Allemagne: le coronavirus, « plus grand défi depuis la Seconde guerre mondiale », dit Merkel

La lutte contre le nouveau coronavirus constitue « le plus grand défi » qu’ait connu l’Allemagne depuis la Seconde guerre mondiale, a estimé mercredi Angela Merkel.

« Depuis la Réunification allemande, non, depuis la Seconde Guerre mondiale, il n’y a pas eu de défi pour notre pays qui dépende autant de notre solidarité commune », a déclaré la chancelière dans une adresse télévisée aux Allemands.

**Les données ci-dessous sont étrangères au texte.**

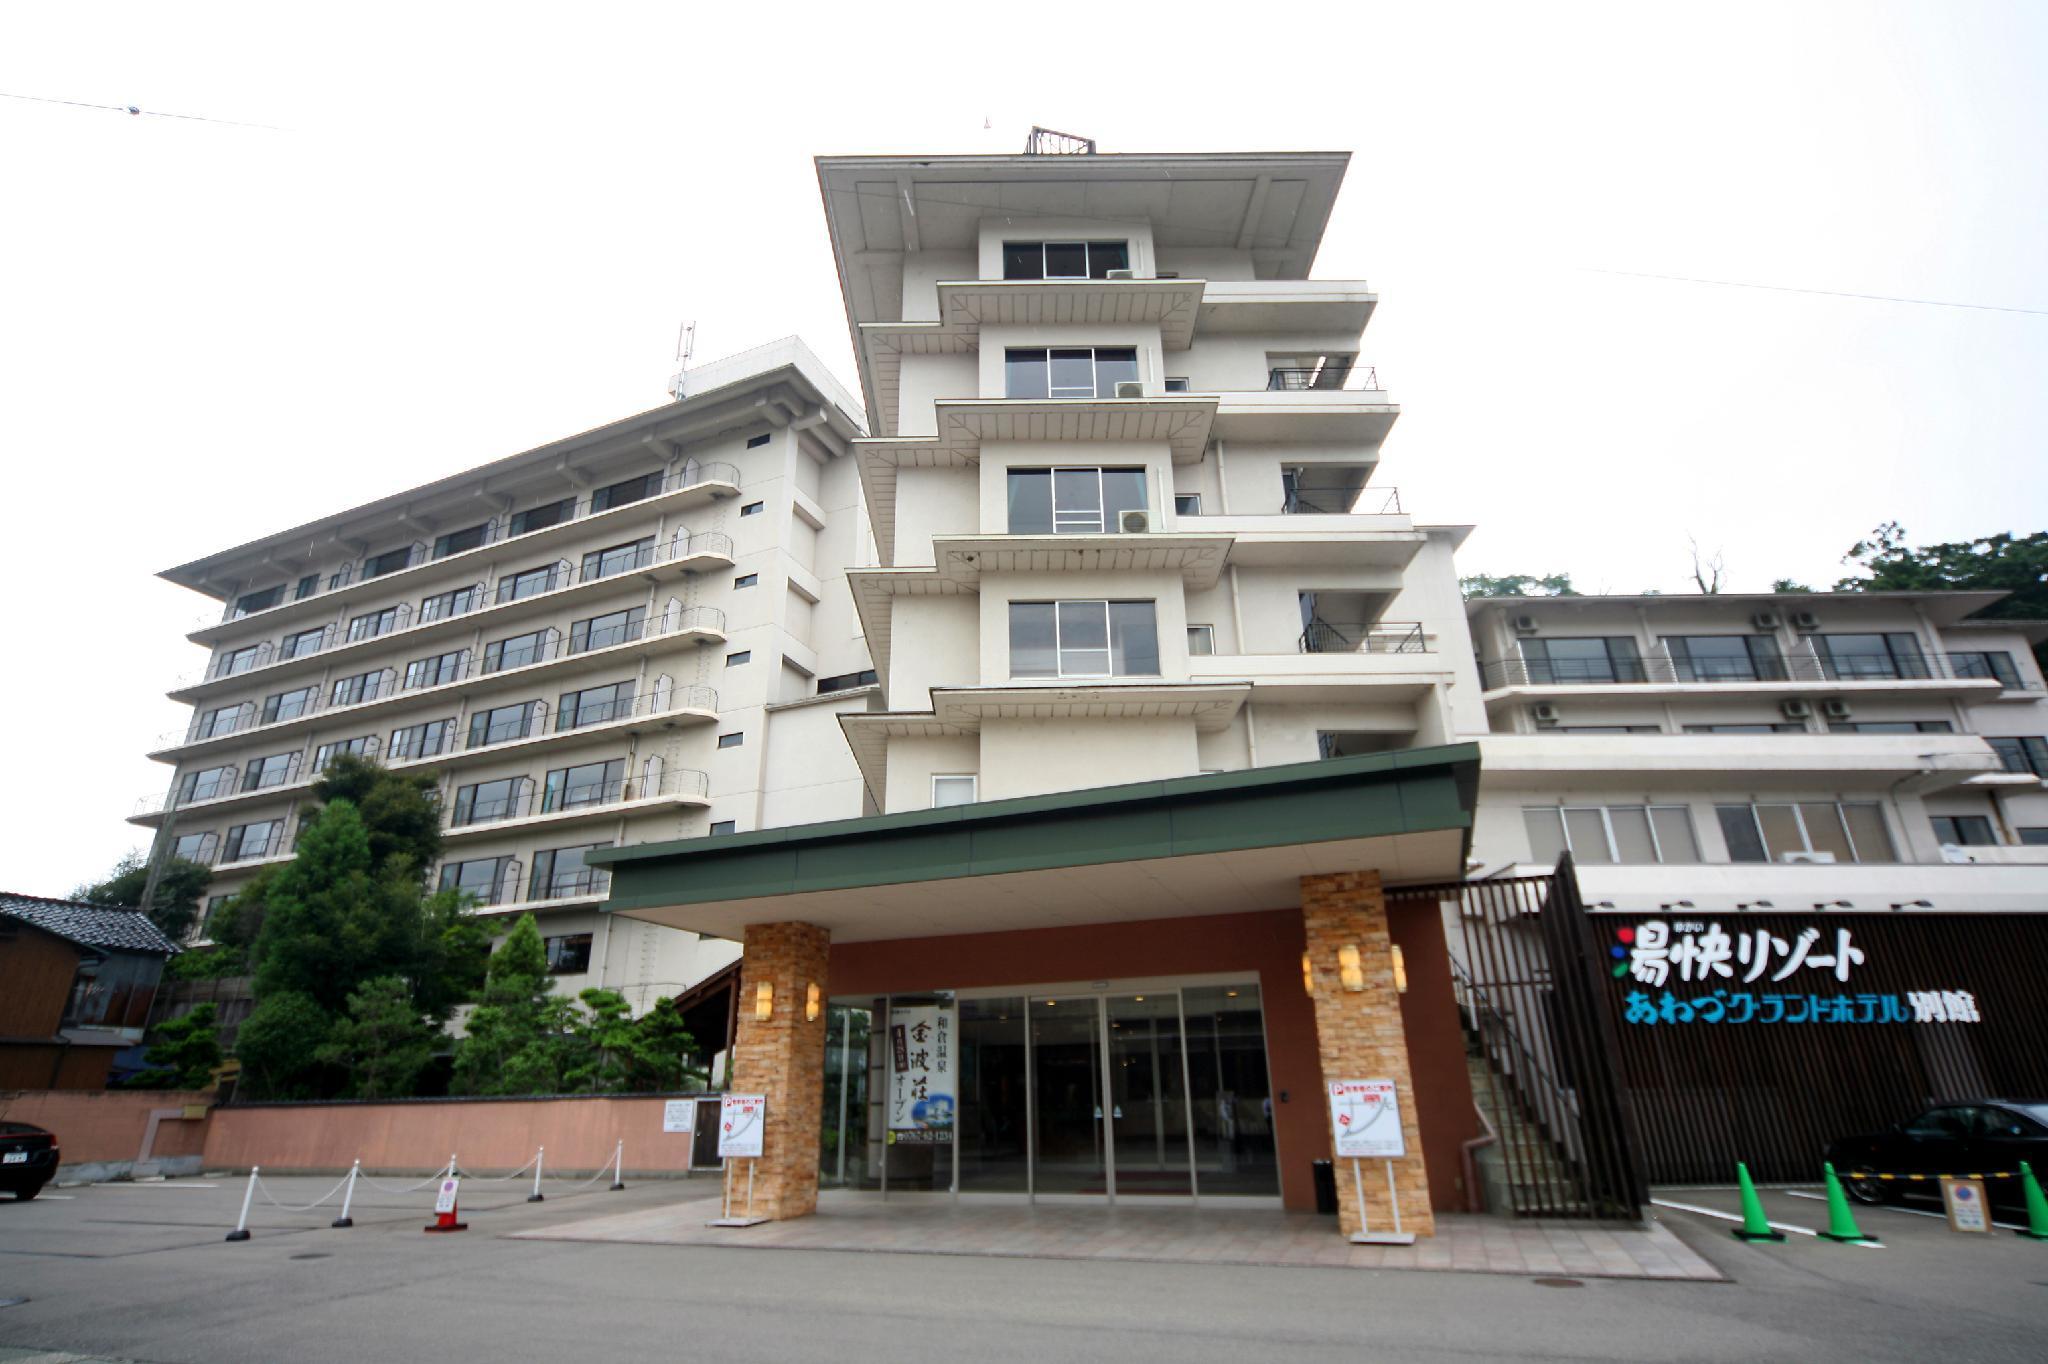 Yukai Resort Awazuonnsen Awazu Grand Hotel Bekkan, Komatsu

Signe de l’importance symbolique de l’intervention, il s’agit pour la chancelière, peu friande des grandes envolées aux accents dramatiques, d’une première sous ce format depuis son arrivée au pouvoir en 2005, au delà des voeux télévisés traditionnels de fin d’année.

Même lors de la crise de l’euro ou de la crise financière de 2008 et 2009, Mme Merkel n’était pas venue s’exprimer devant les caméras pour un discours solennel à la Nation.

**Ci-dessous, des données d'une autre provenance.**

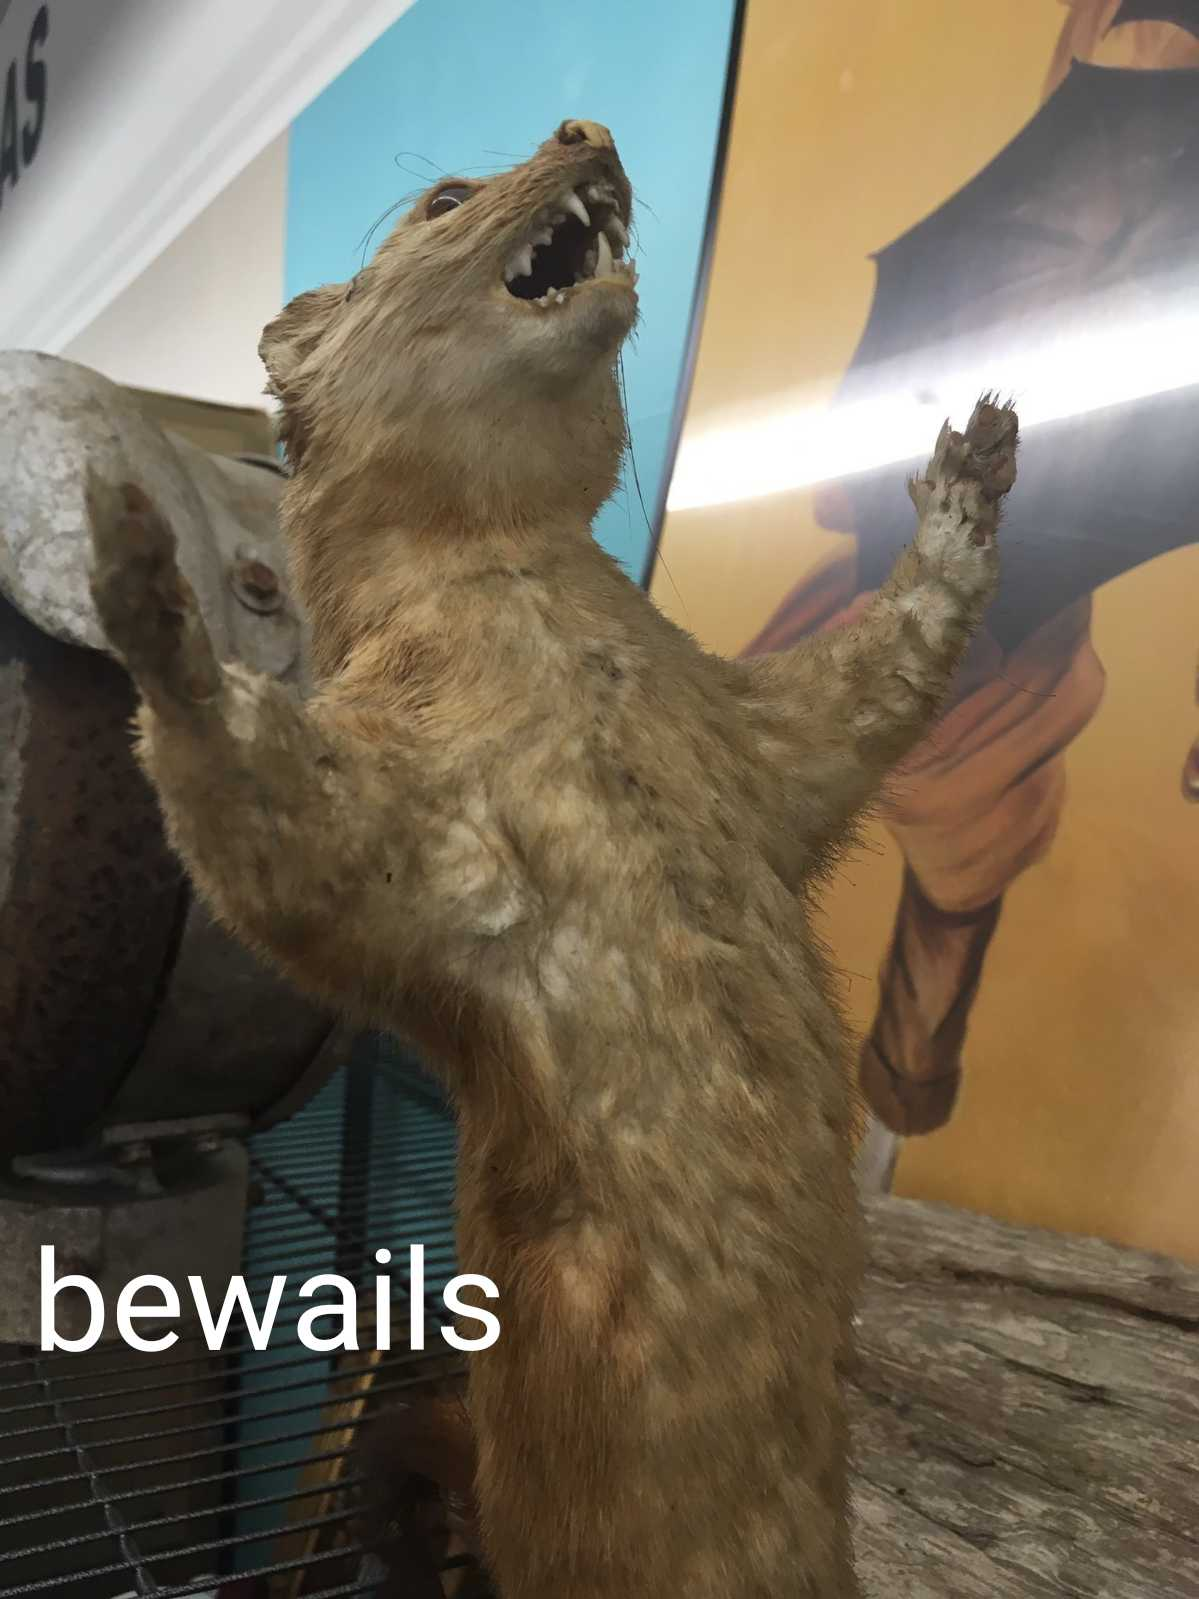 Bewails.jpg

« Je crois fermement que nous réussirons dans cette tâche si tous les citoyens la considèrent vraiment comme leur tâche », a martelé Mme Merkel.

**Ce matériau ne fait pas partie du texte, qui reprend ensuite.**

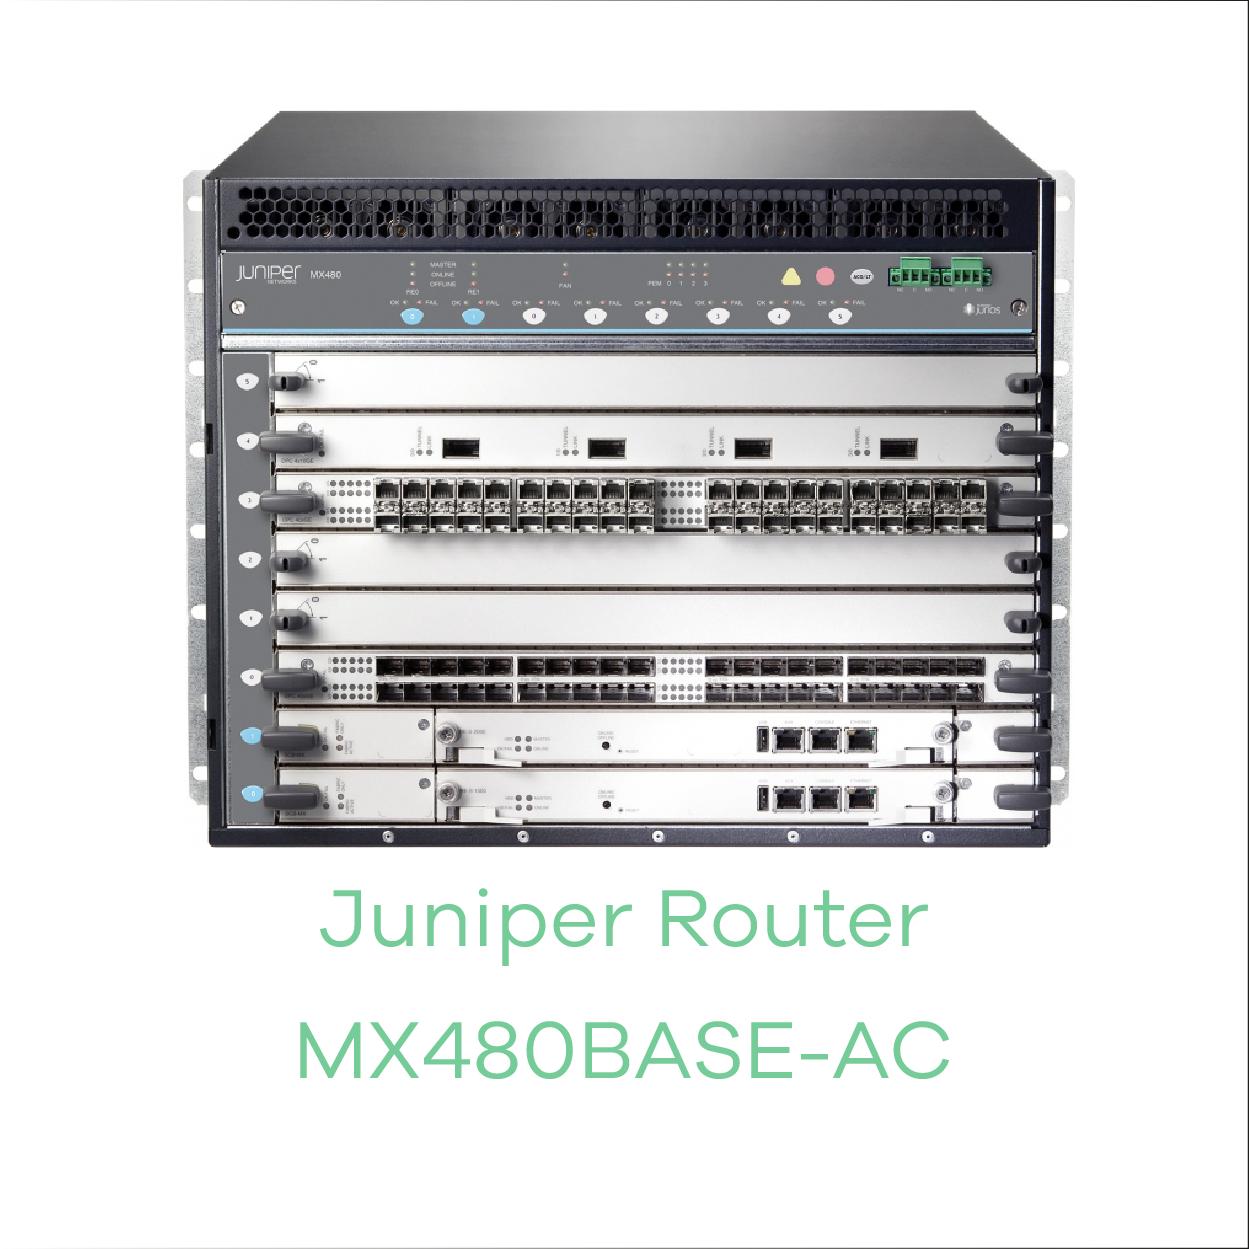 Juniper Router MX480BASE-AC

Un appel destiné à sa population au moment où certains Allemands, les jeunes surtout, prennent des libertés avec les consignes officielles visant à réduire au strict minimum les contacts sociaux face à la propagation de l’épidémie.

La chancelière a rappelé les mesures imposées en Allemagne et en Europe, où la libre-circulation est interrompue pour endiguer la pandémie.

« Pour quelqu’un comme moi pour qui la liberté de voyage et de circulation a été un droit durement acquis, de telles restrictions ne peuvent être justifiées que par une nécessité absolue », a expliqué Mme Merkel, qui a grandi dans l’ancienne Allemagne de l’Est communiste.

« Dans une démocratie, elles ne devraient jamais être décidées à la légère et seulement de façon temporaire. Mais elles sont en ce moment indispensables pour sauver des vies », a fait valoir la dirigeante allemande.

Mme Merkel a lancé « un appel » au respect des règles de distanciation en Allemagne, où le confinement n’a pas été à ce stade décidé, contrairement à des pays comme la France, l’Italie ou l’Espagne.

« Plus de poignée de main, se laver les mains soigneusement et à au moins un mètre et demi de la personne suivante et, si possible, pratiquement aucun contact avec les personnes très âgées, car elles sont particulièrement exposées », a détaillé Mme Merkel.

« Ce n’est pas sans raison que les experts disent que grands-parents et petits-enfants ne devraient pas se réunir en ce moment », a-t-elle enchaîné, appelant à « skyper » à utiliser les « appels téléphoniques, courriels et peut-être écrire à nouveau des lettres ».

Enfin, Mme Merkel a dénoncé les achats massifs de certaines denrées dans les supermarchés.

« Le stockage a un sens (…) Mais avec modération. Accumuler comme s’il n’y allait bientôt plus rien avoir est inutile et manque complètement de solidarité », a-t-elle fait valoir.

L’épidémie a fait entre 12 et 16 morts en Allemagne jusqu’ici selon les comptages différents de l’institut Robert Koch et des Etats régionaux.